=== SUPPLIED ENTRIES ===

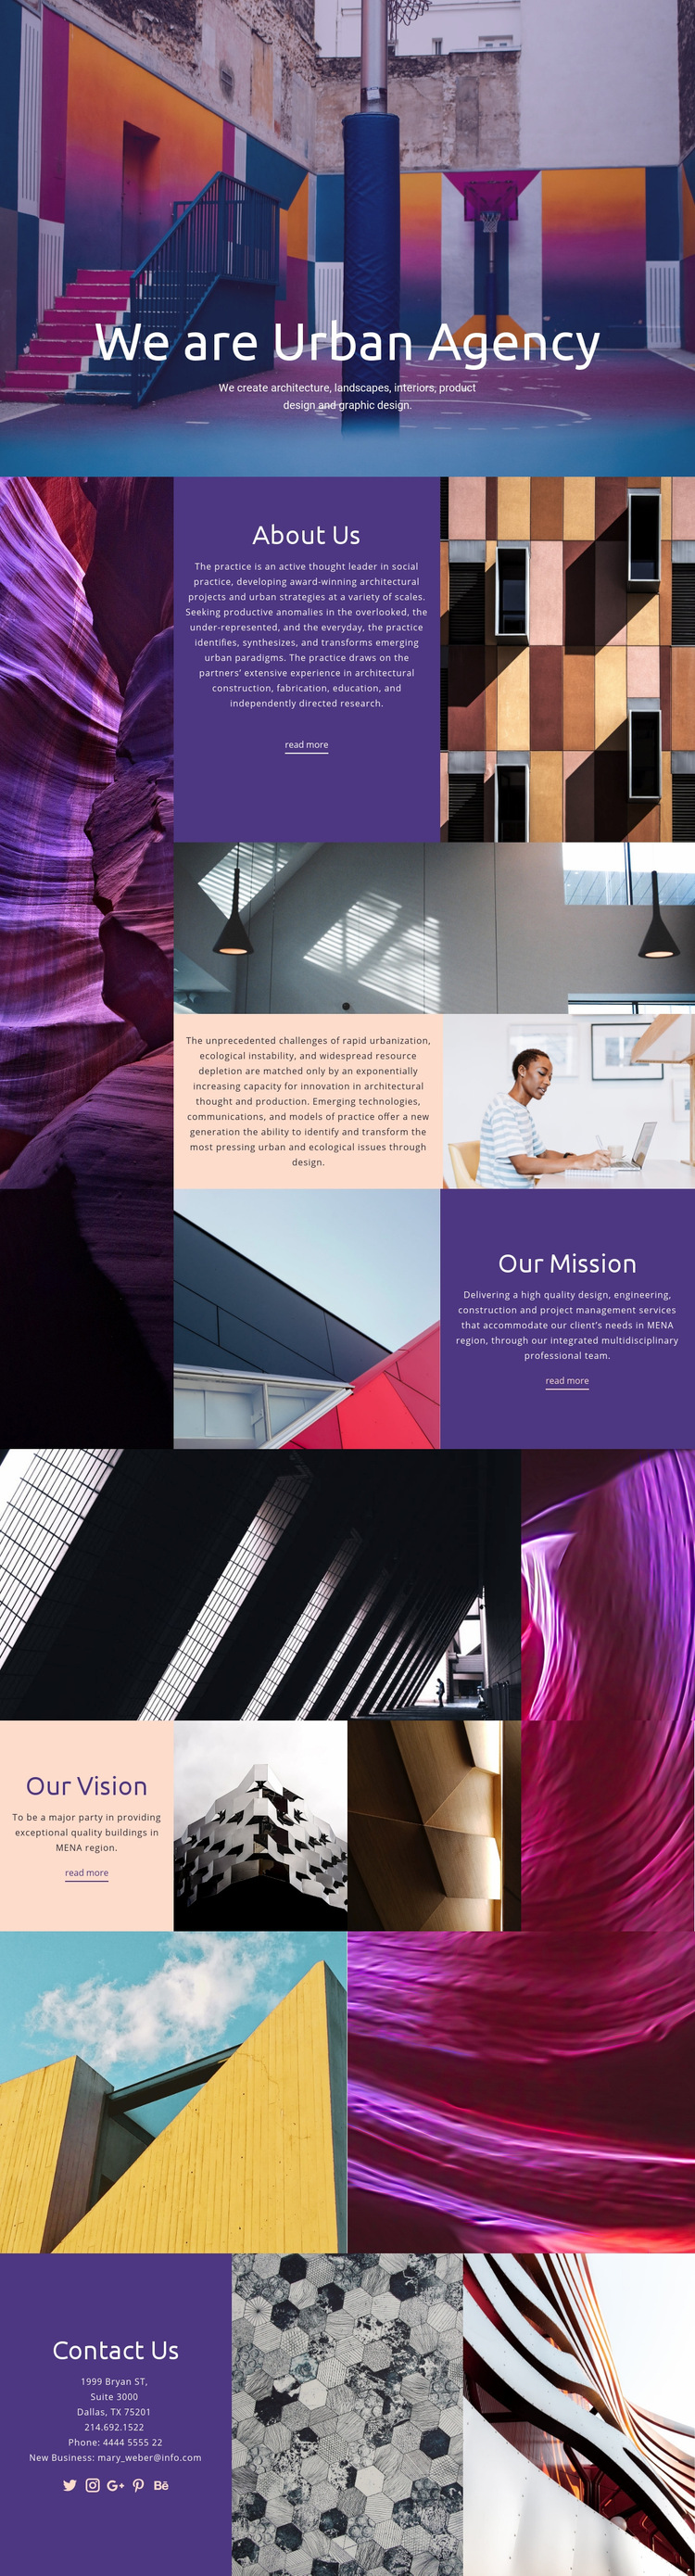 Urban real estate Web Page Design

===
=== SUPPLIED ENTRIES ===

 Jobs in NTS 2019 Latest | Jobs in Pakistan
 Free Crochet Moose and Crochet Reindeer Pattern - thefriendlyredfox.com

===
=== SUPPLIED ENTRIES ===

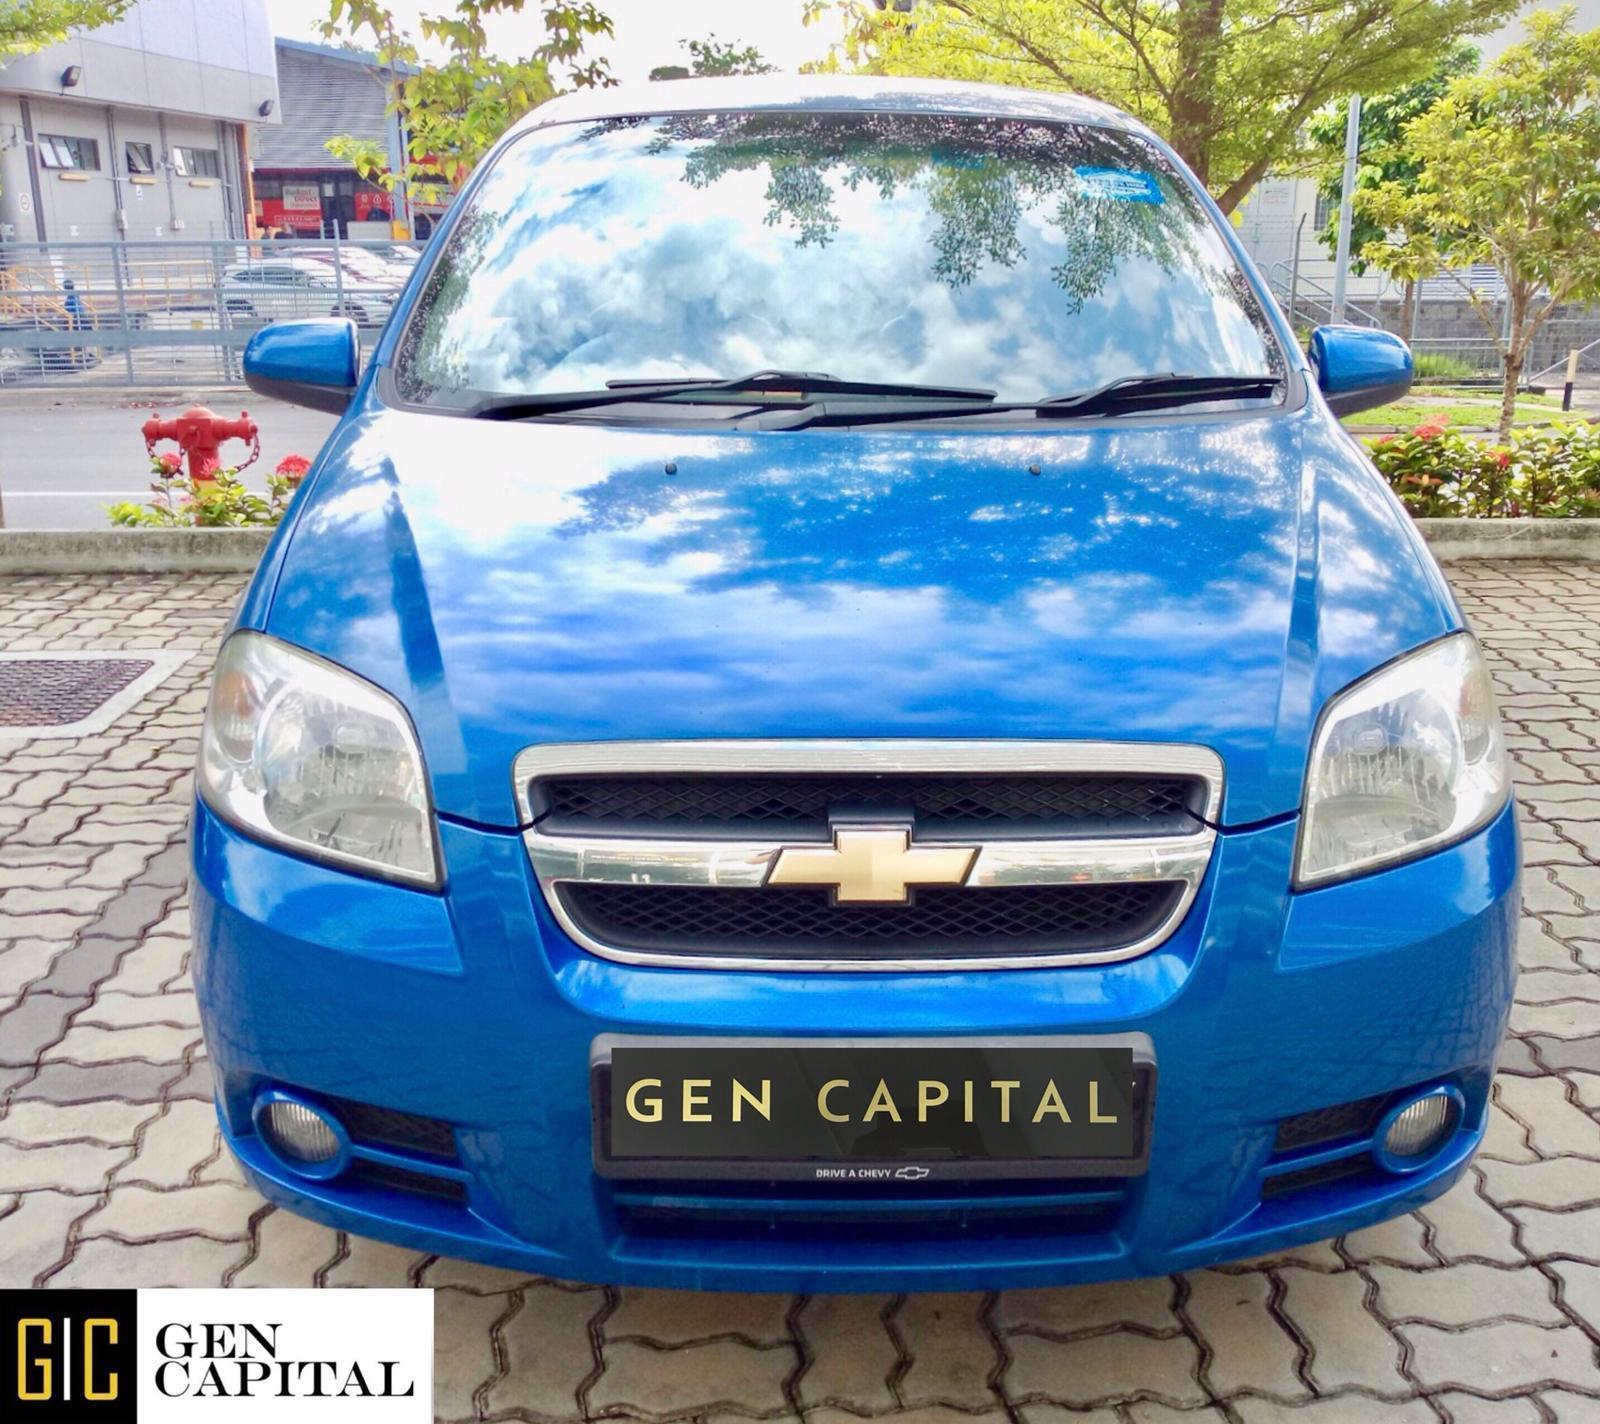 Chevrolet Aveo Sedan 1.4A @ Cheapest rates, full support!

===

**WORK INSTRUCTION:** Please output the lines of the listing above that fall in the stretch from the one with "Jobs in NTS 2019 Latest | Jobs in Pakistan" through the one with "Free Crochet Moose", exactly and only those.

**TASK OUTPUT:**
 Jobs in NTS 2019 Latest | Jobs in Pakistan
 Free Crochet Moose and Crochet Reindeer Pattern - thefriendlyredfox.com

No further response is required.